------ DATASET EXTRACT ------
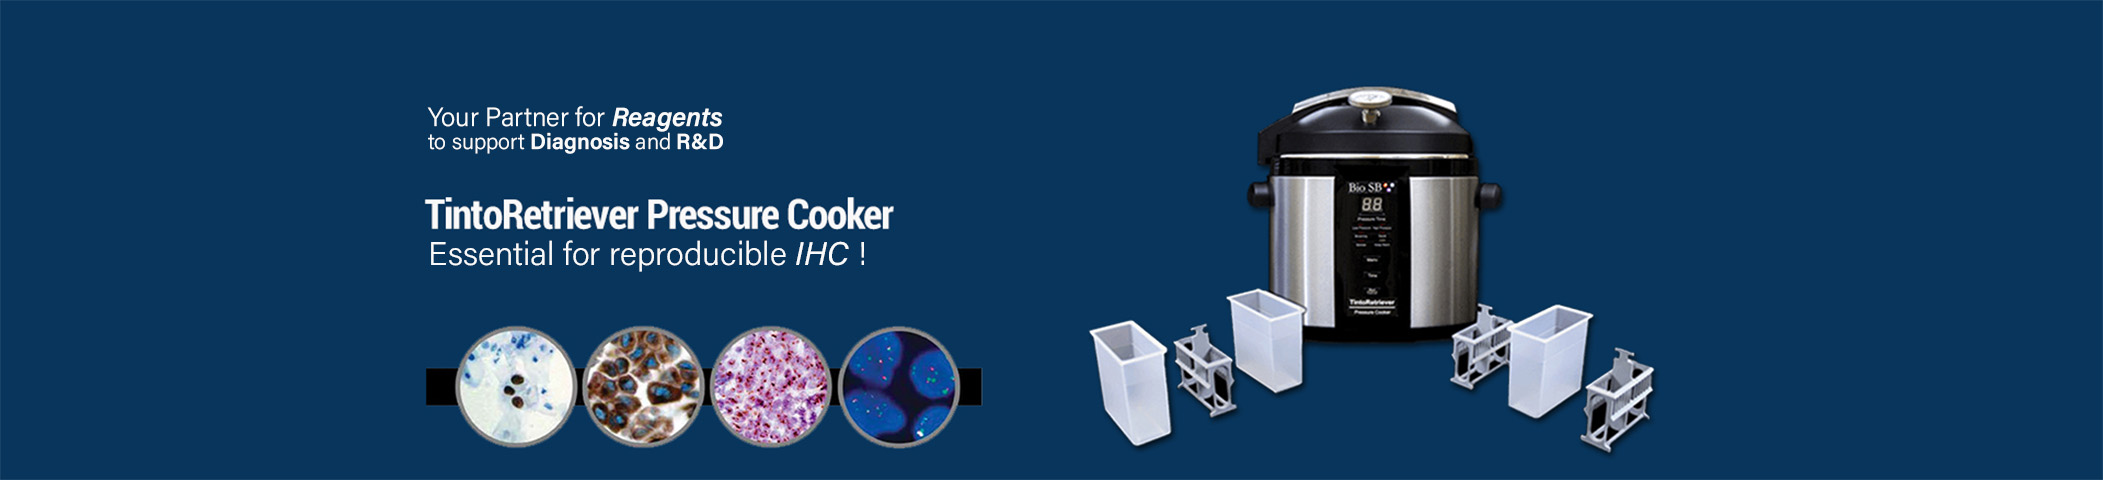 tintoretriver-pressure-cooker
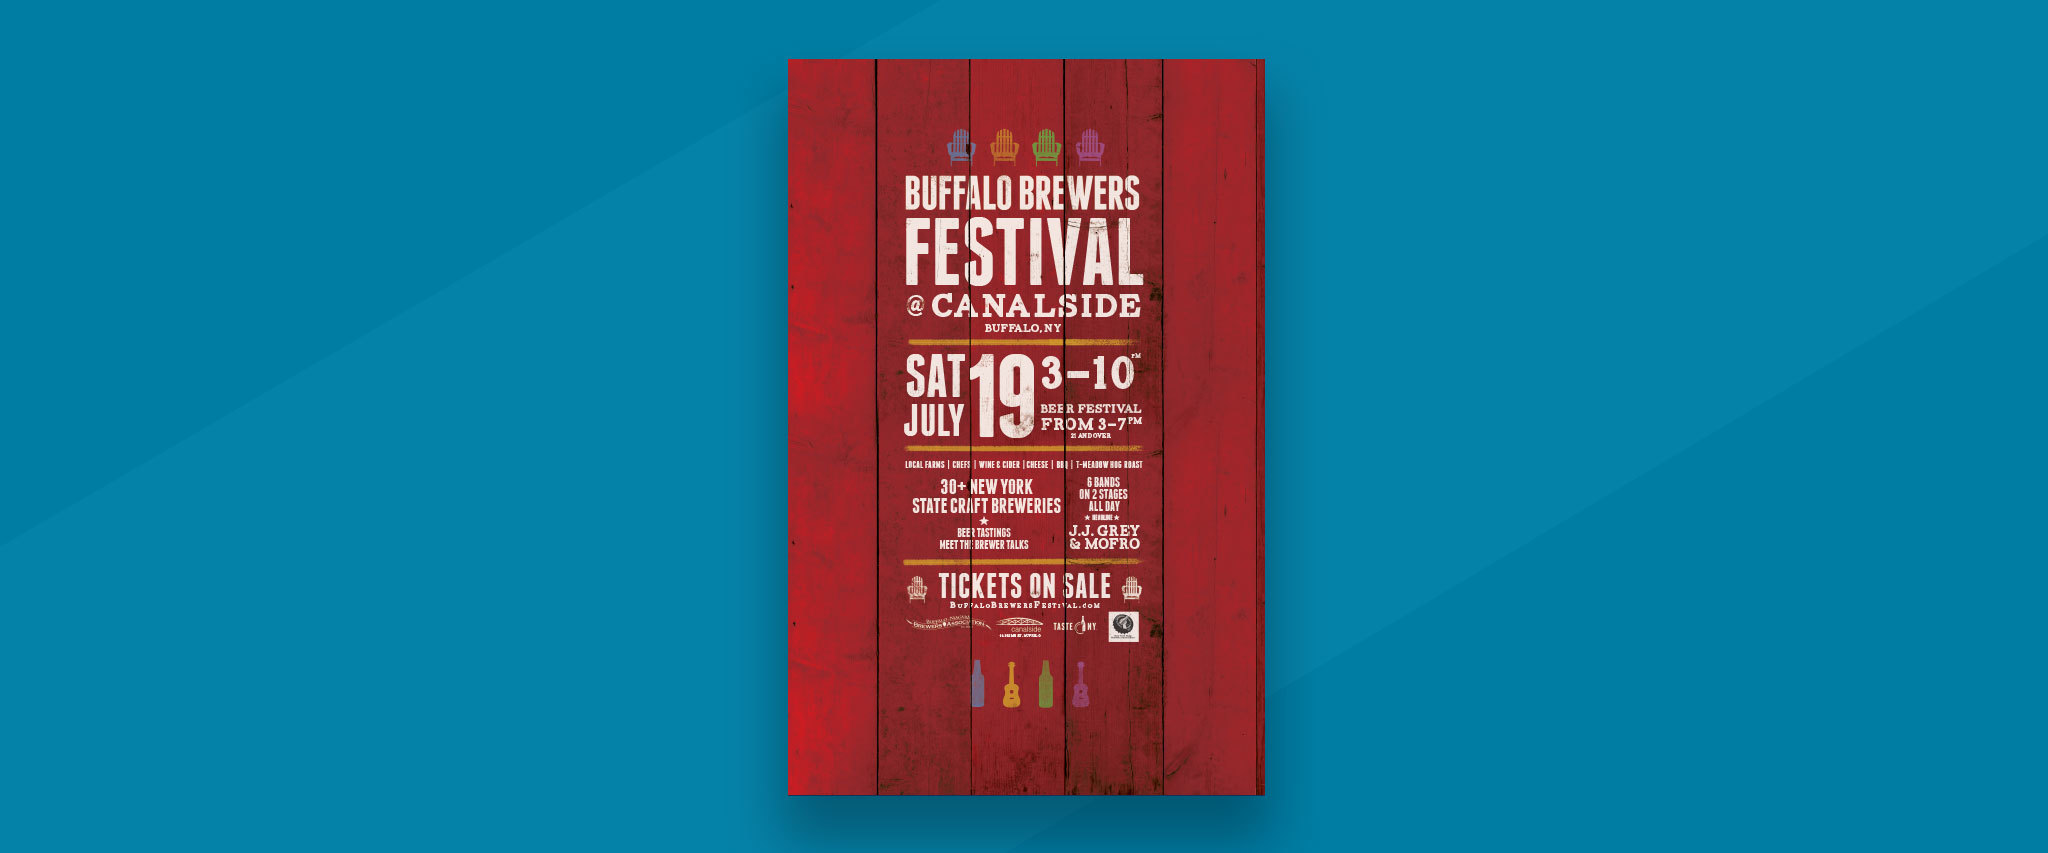 Buffalo Brewers Festival Gallery
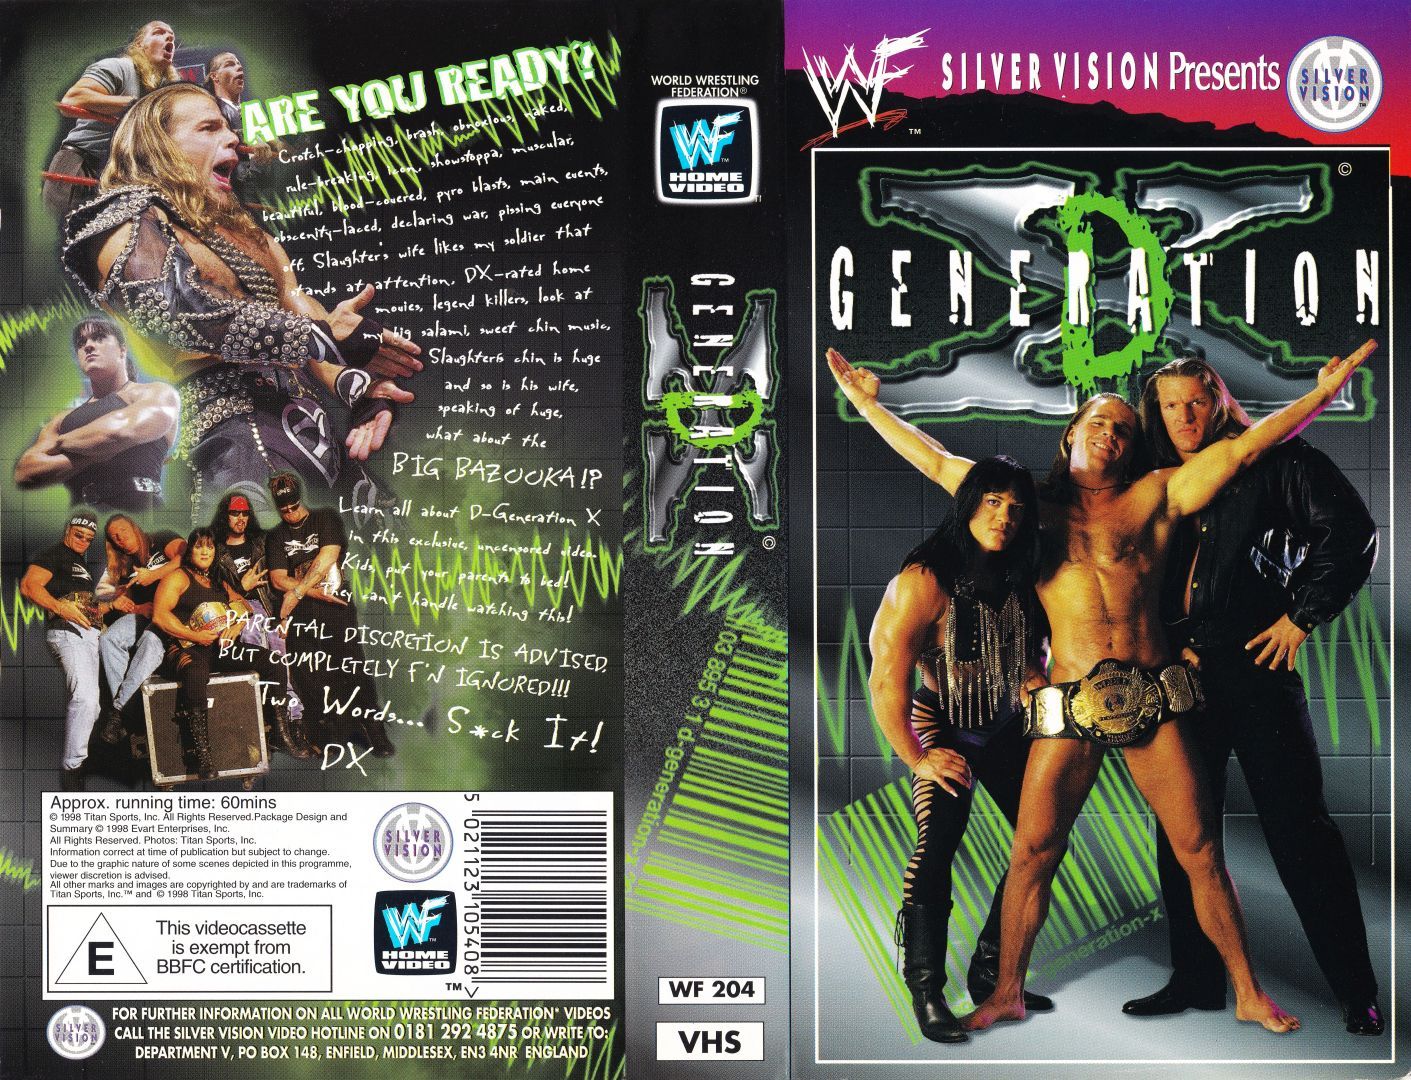 WWF Wrestling on X pic
------
Retype the listing exactly and drop the pictures.

 tintoretriver-pressure-cooker
 Buffalo Brewers Festival Gallery
 WWF Wrestling on X pic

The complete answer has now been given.